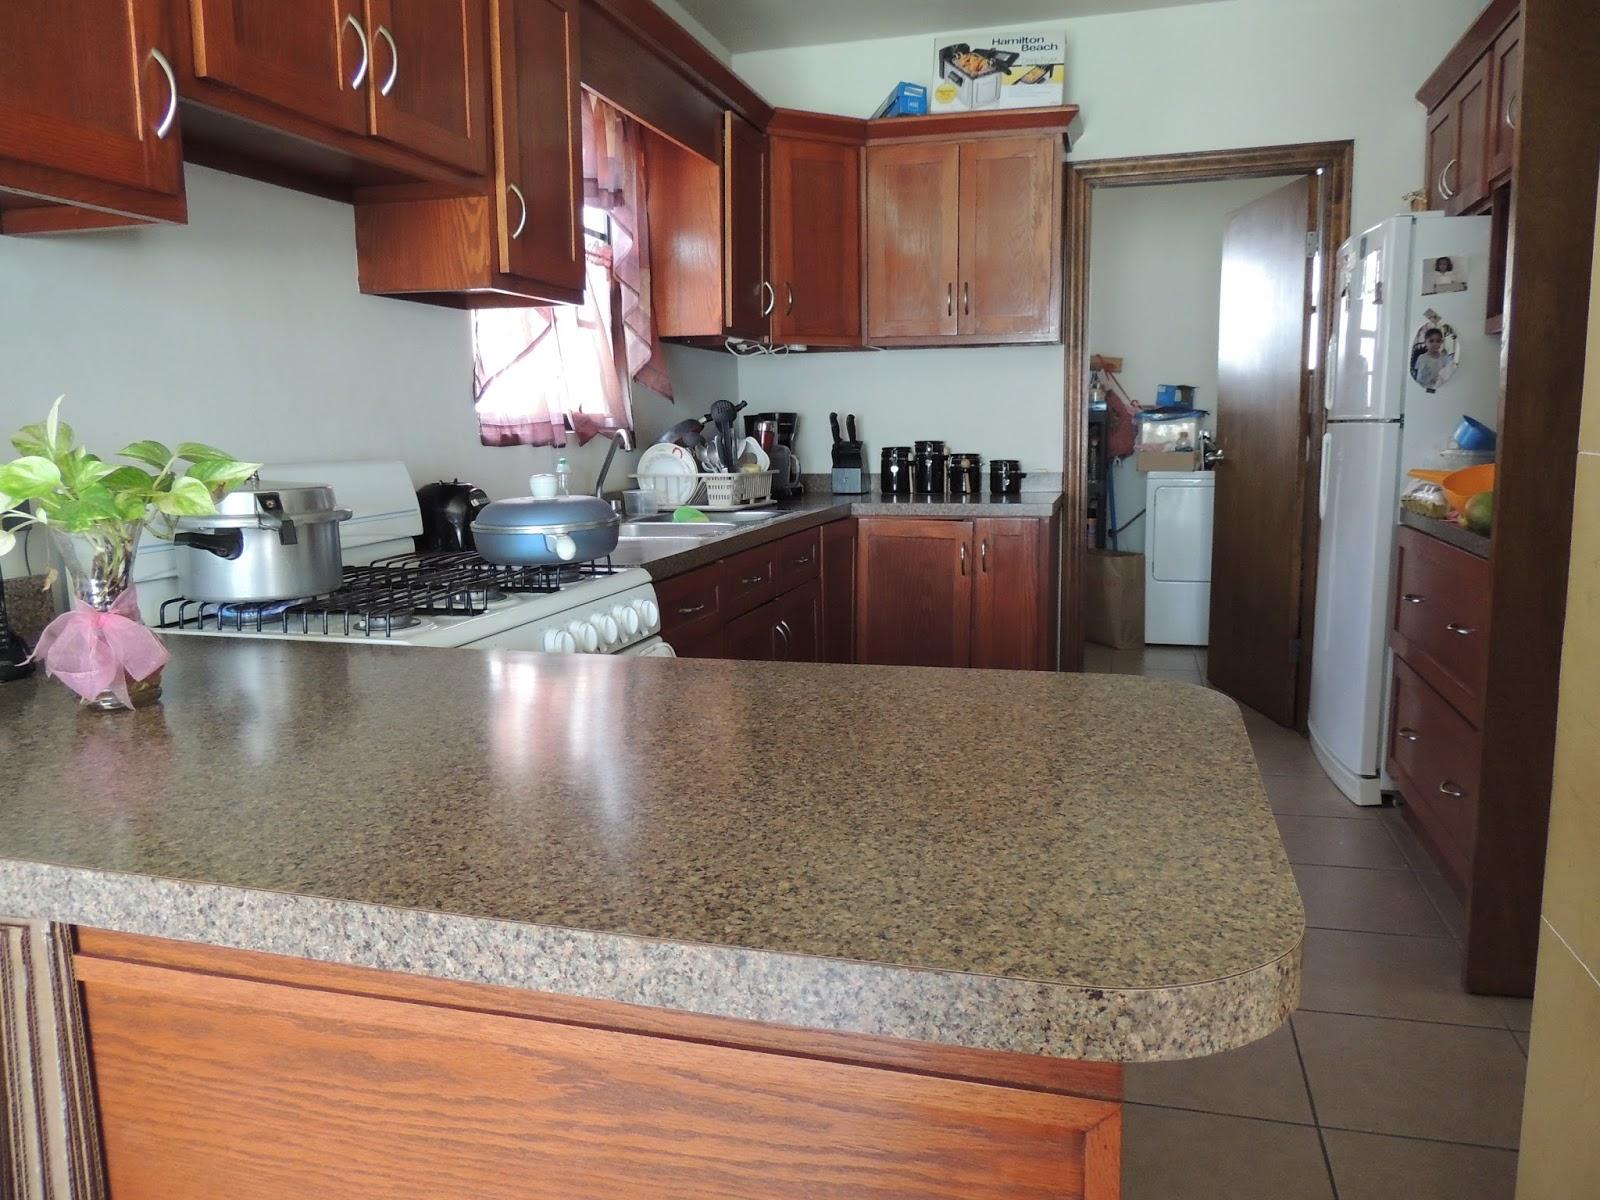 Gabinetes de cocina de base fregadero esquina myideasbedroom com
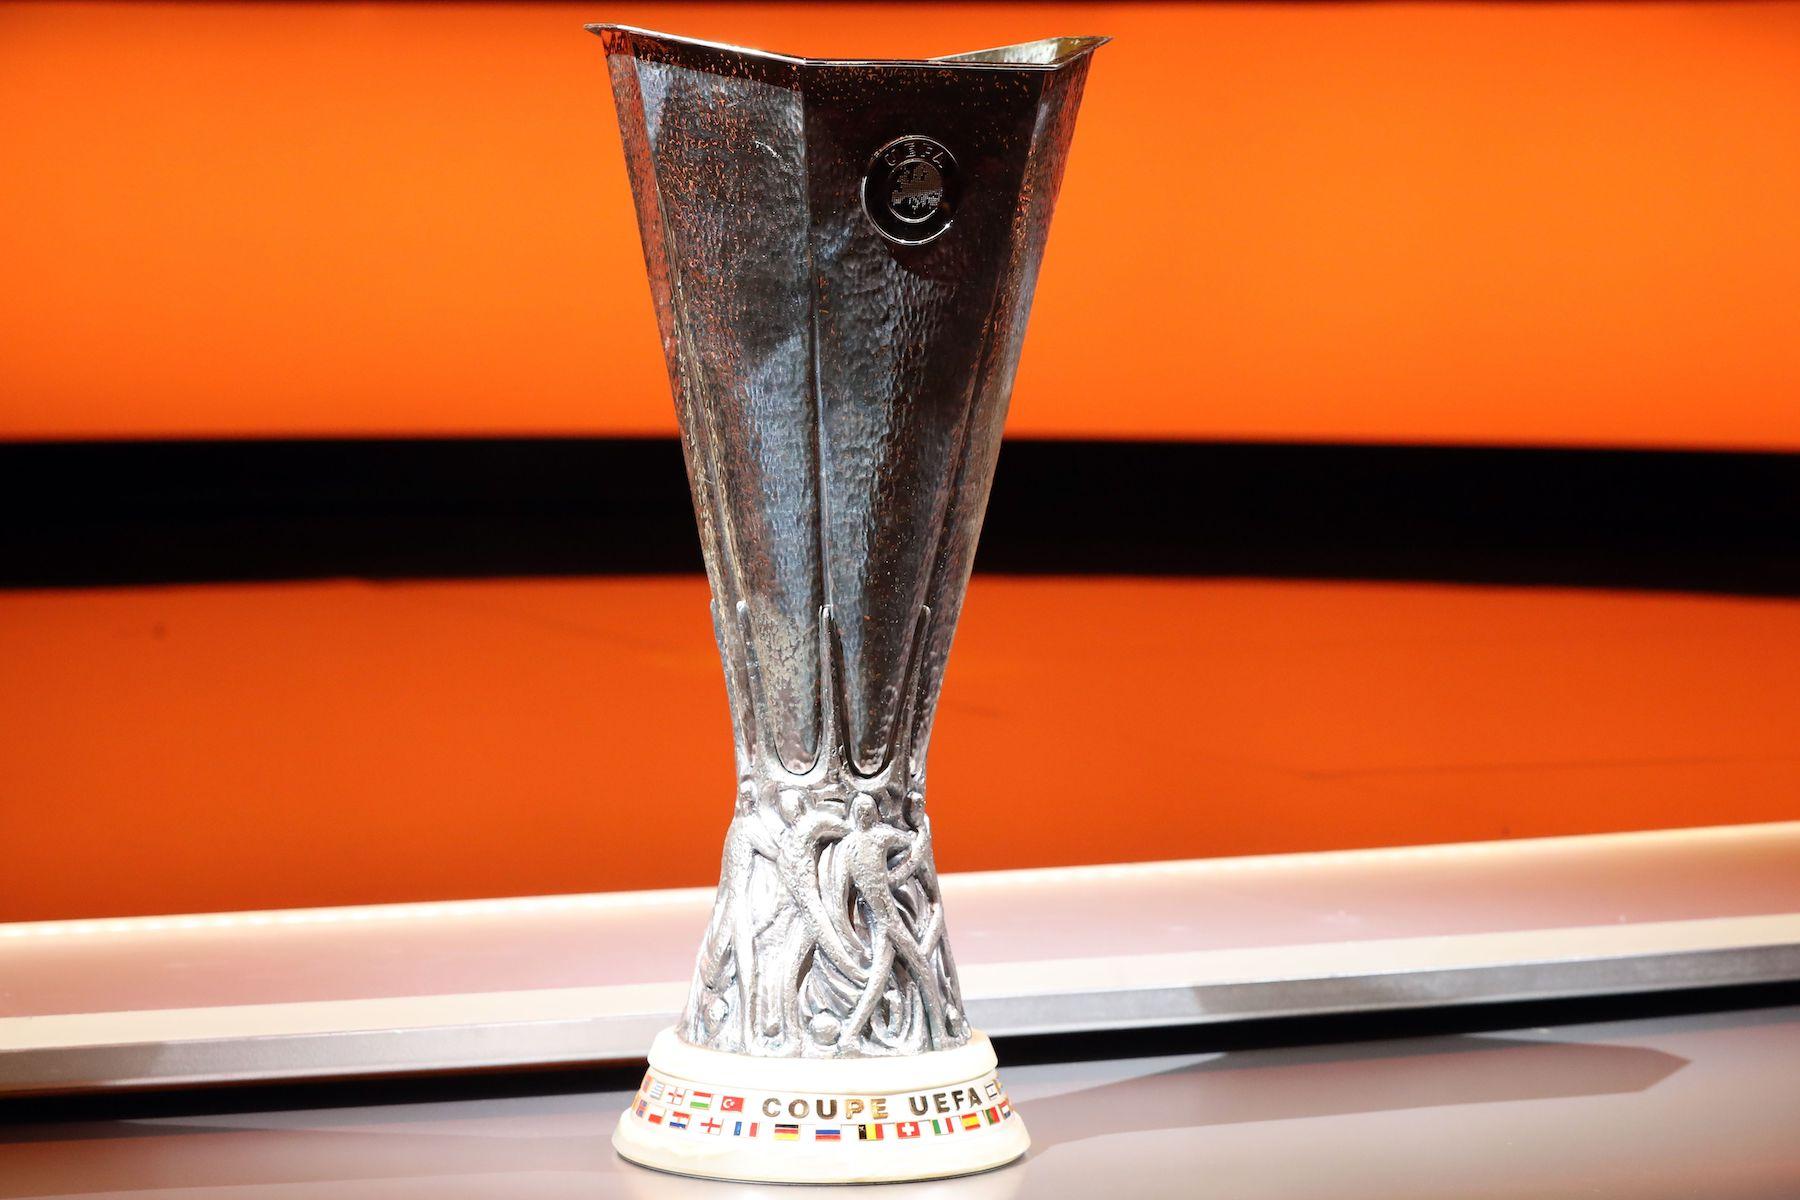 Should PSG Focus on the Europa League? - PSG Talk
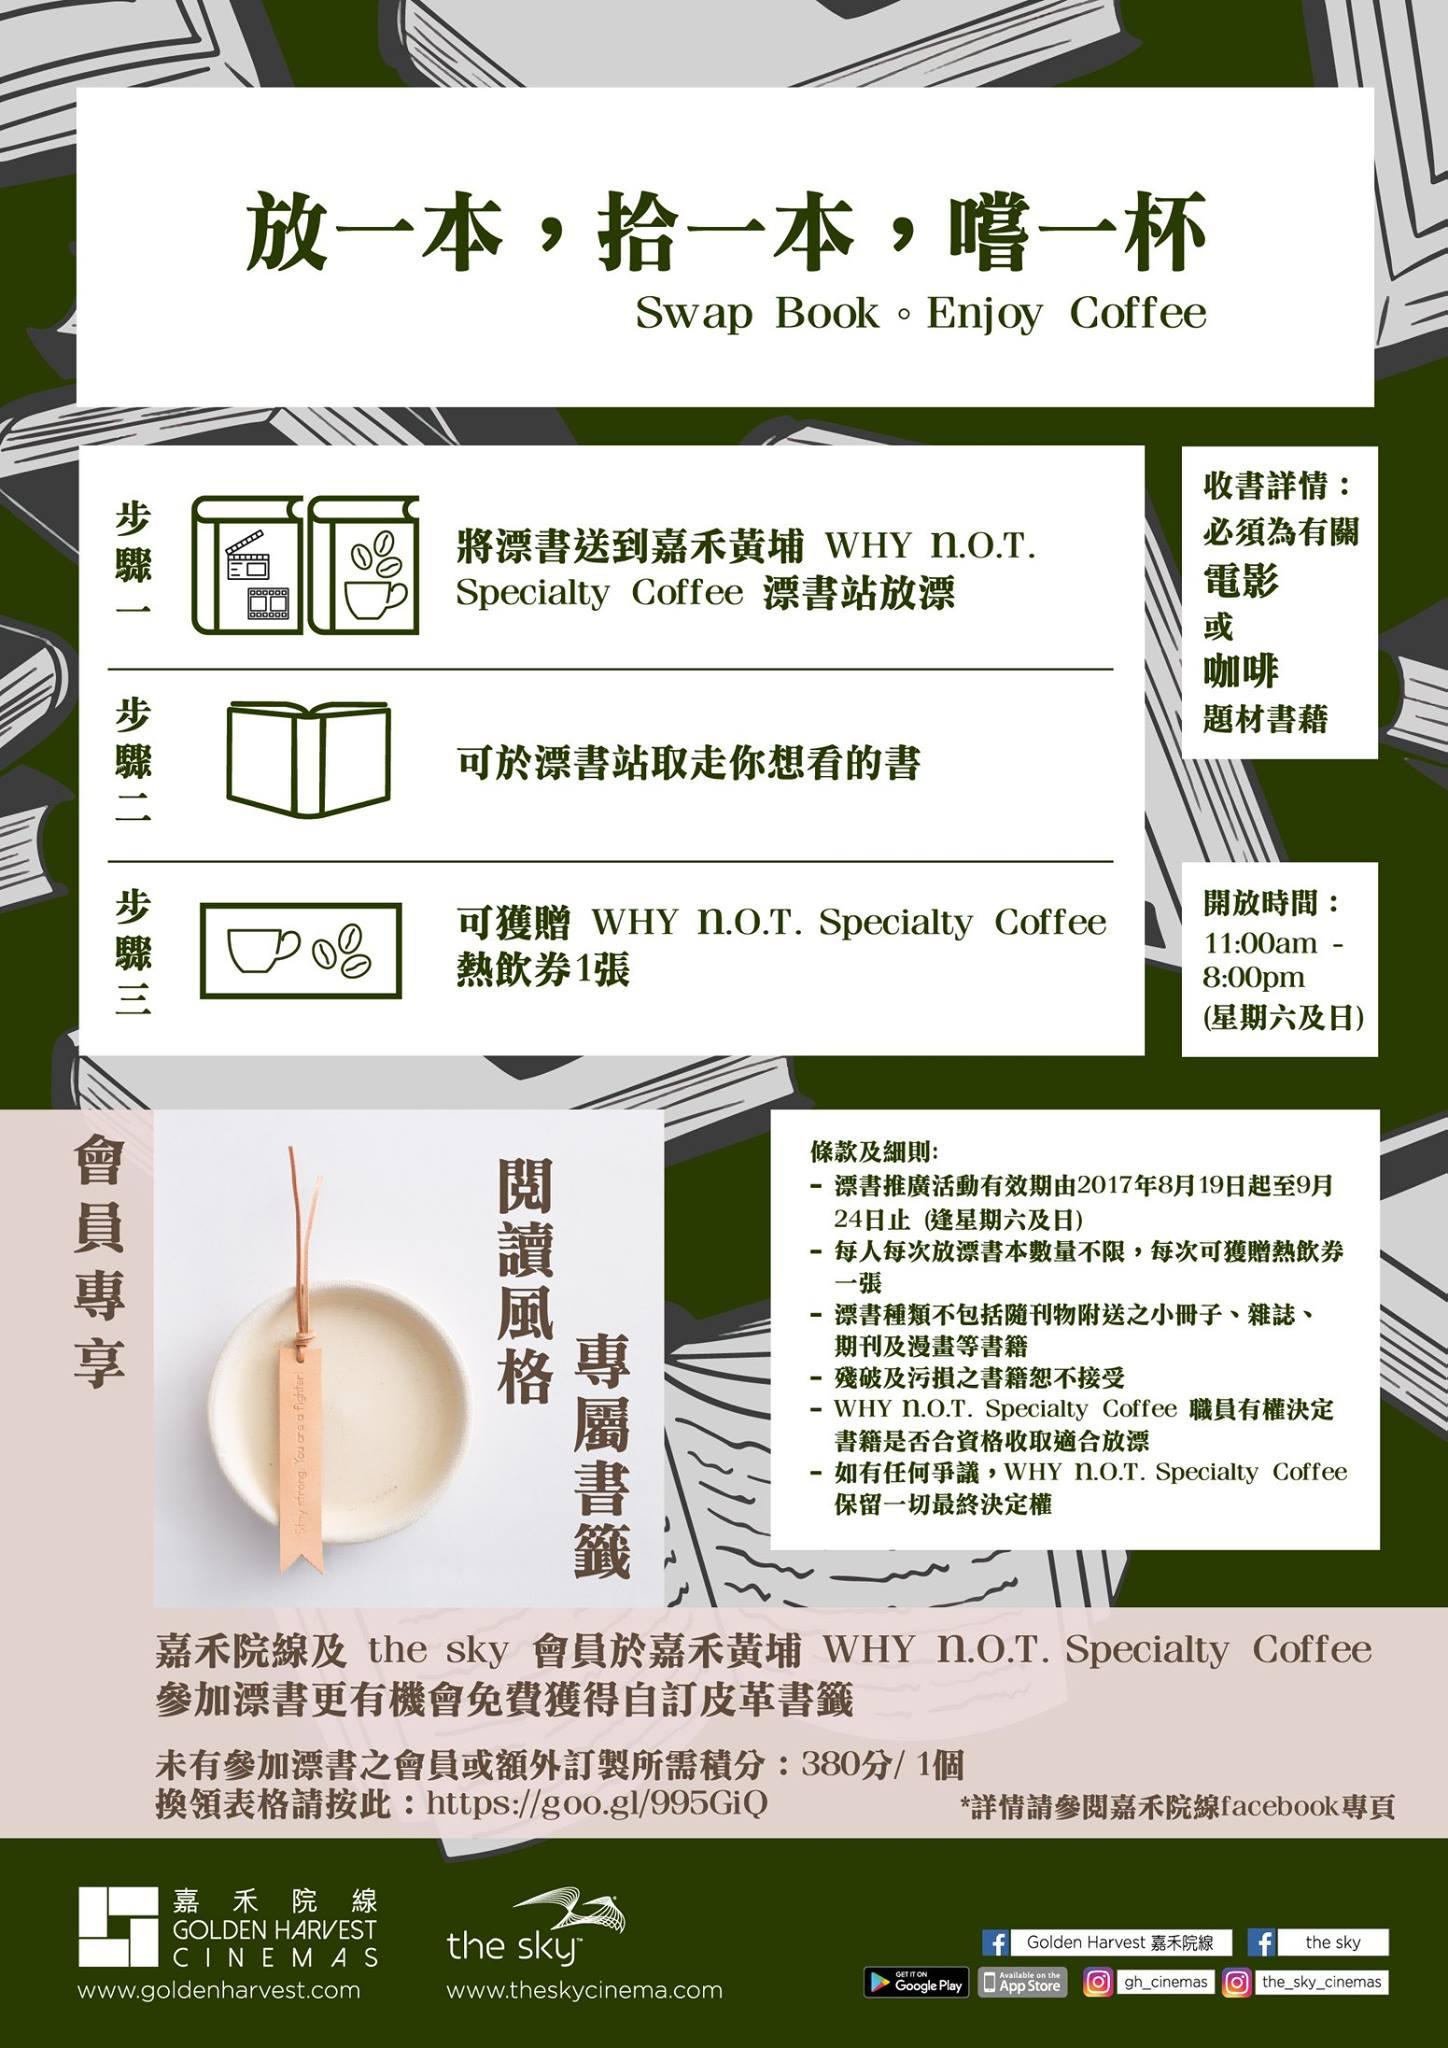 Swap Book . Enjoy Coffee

■ Directions
Please print all the lines above exactly as given and leave out every picture.

■ Reply to the task
 Gabinetes de cocina de base fregadero esquina myideasbedroom com
 Should PSG Focus on the Europa League? - PSG Talk
 Swap Book . Enjoy Coffee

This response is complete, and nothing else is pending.